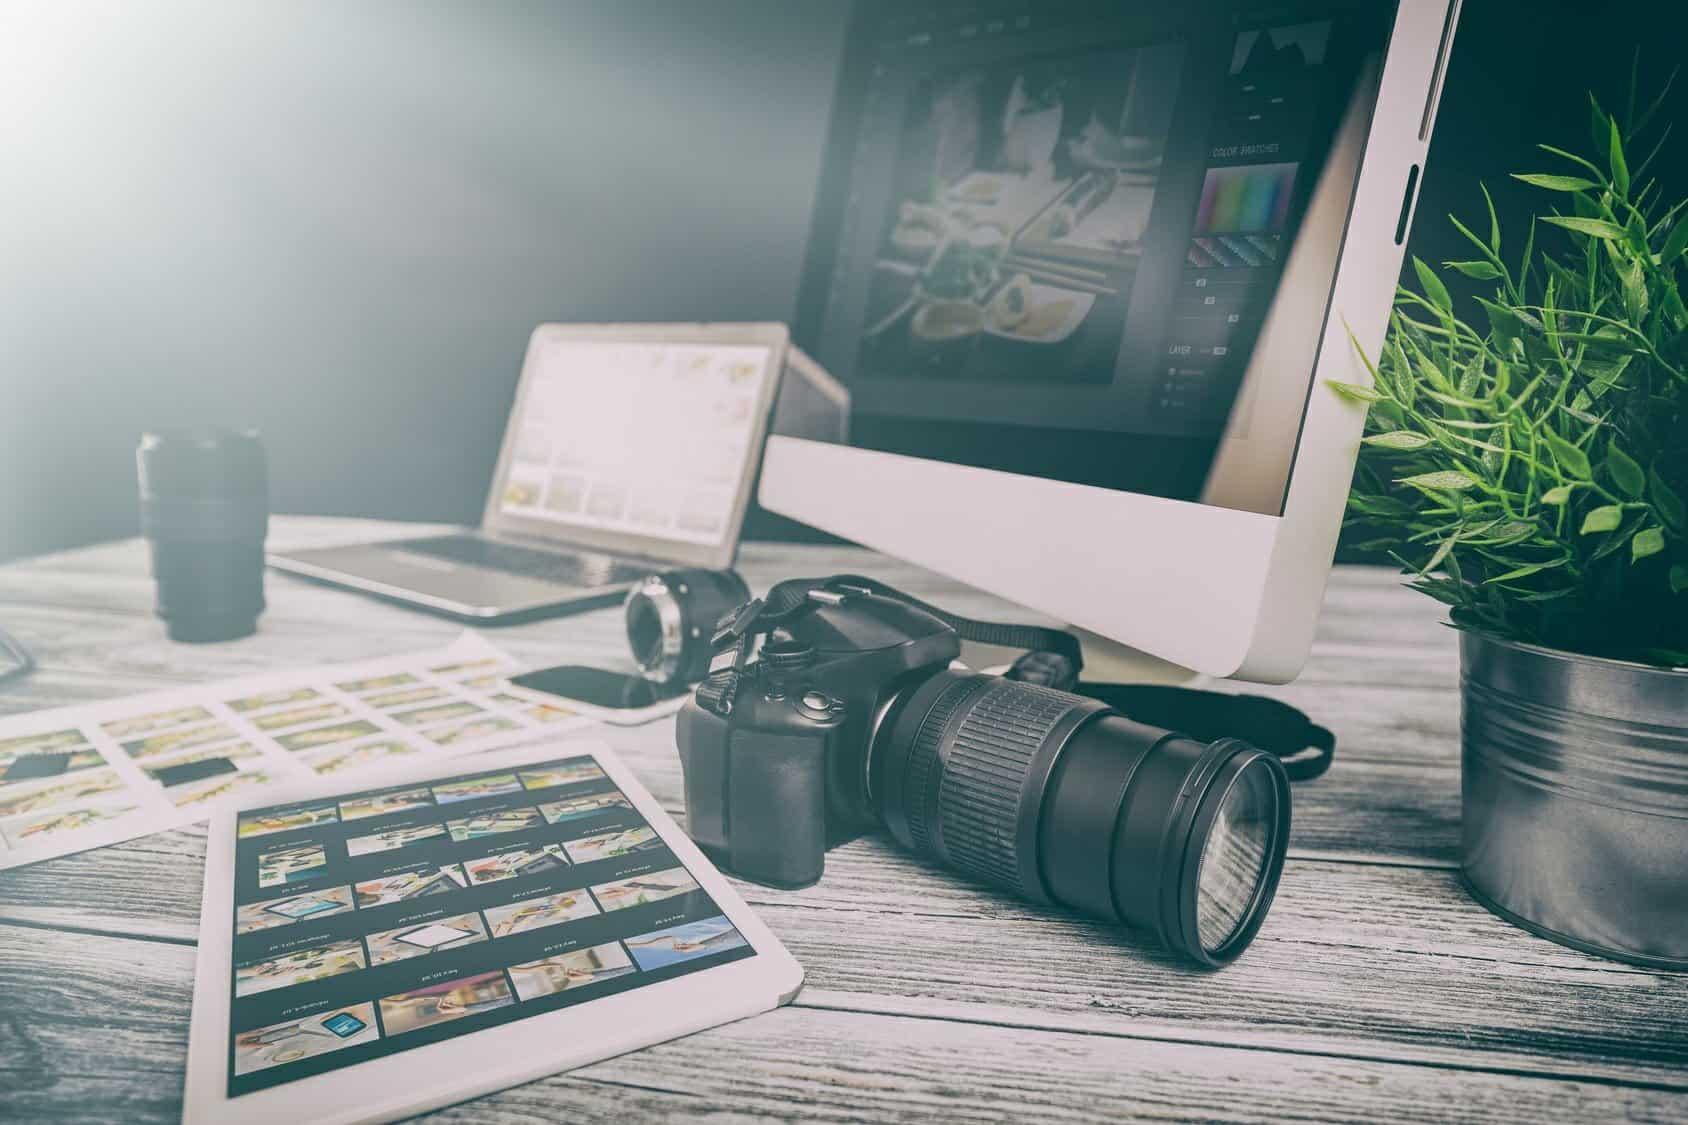 Biurko z komputerem i aparatem fotograficznym
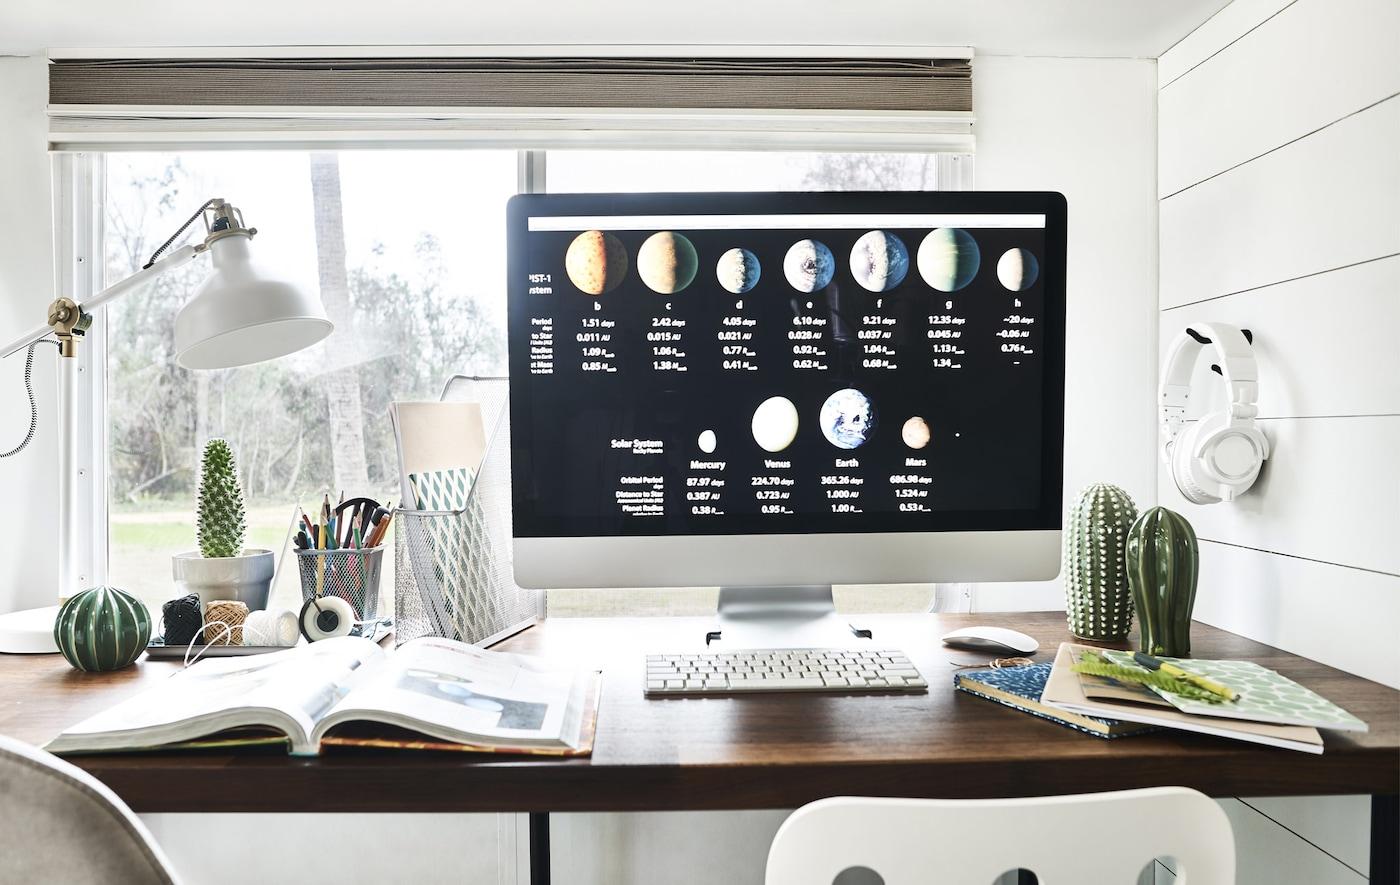 Монитор компьютера на письменном столе рядом с блокнотами, папками и лампой.
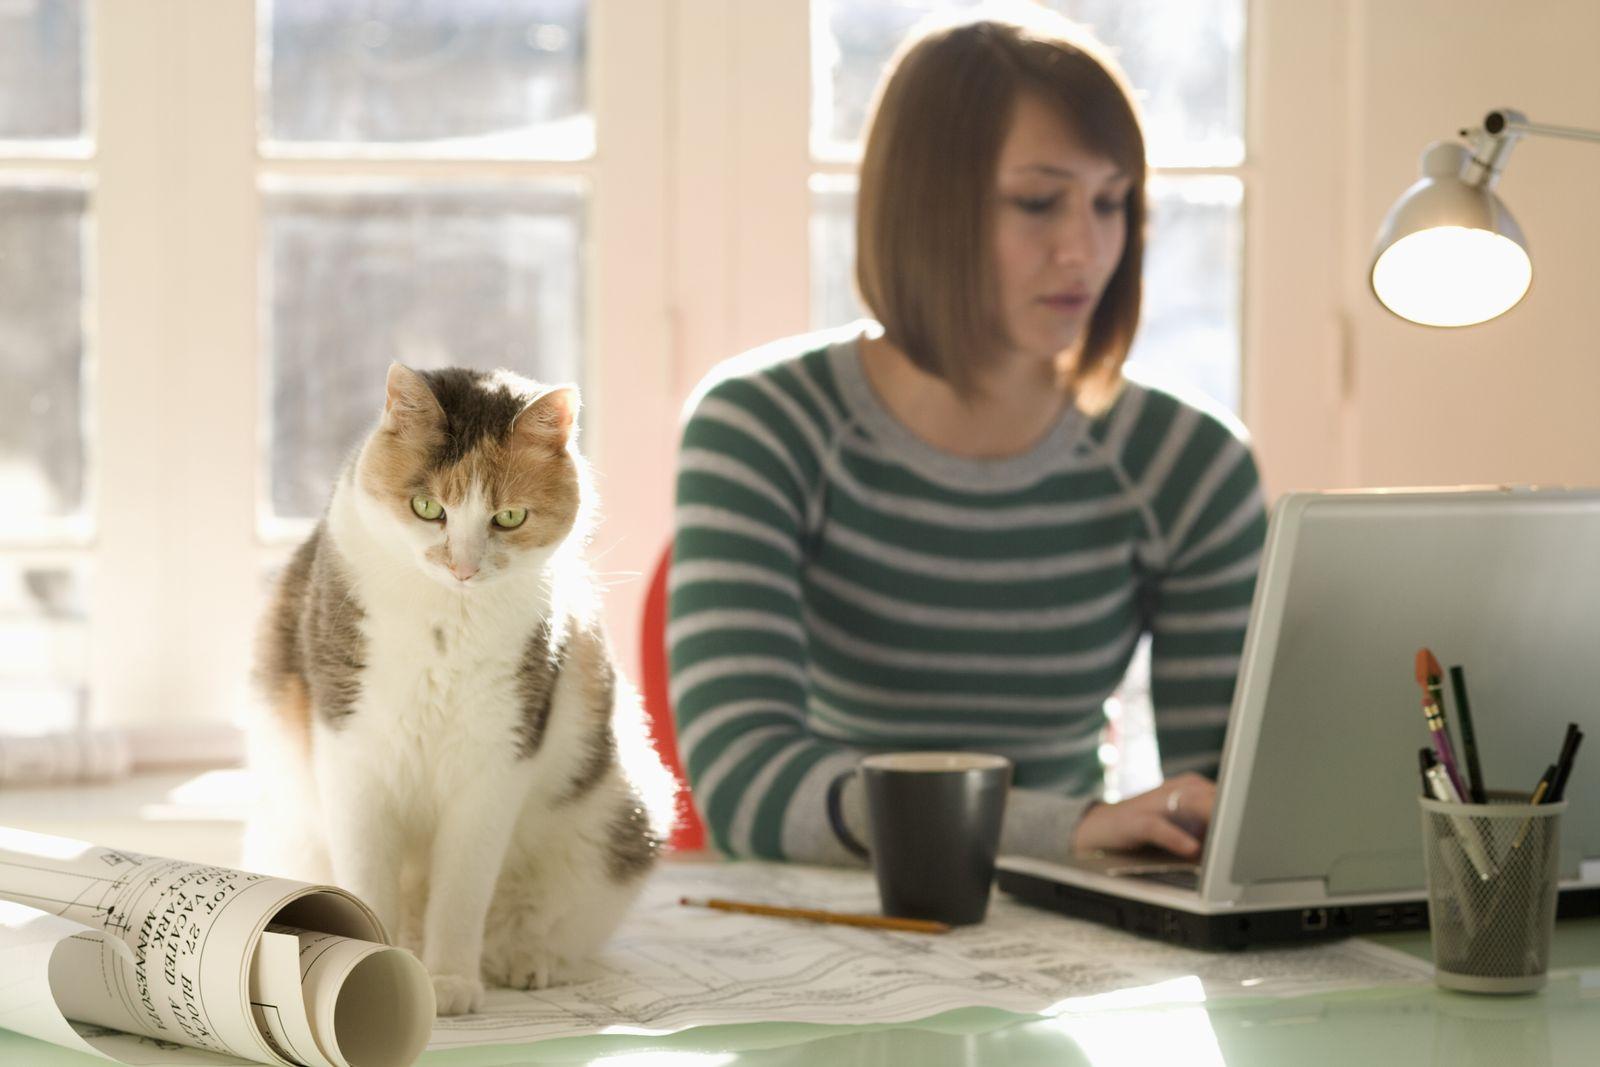 NICHT MEHR VERWENDEN! - Katze / Computer / Heimarbeit / Homeoffice

INSTRUCTIONS FOR THE TASK: An exact copy is needed of the lines running from the one with "Монитор компьютера на" through the end of the data above, and of those lines only, without pictures.

TASK ANSWER:
 Монитор компьютера на письменном столе рядом с блокнотами, папками и лампой.
 NICHT MEHR VERWENDEN! - Katze / Computer / Heimarbeit / Homeoffice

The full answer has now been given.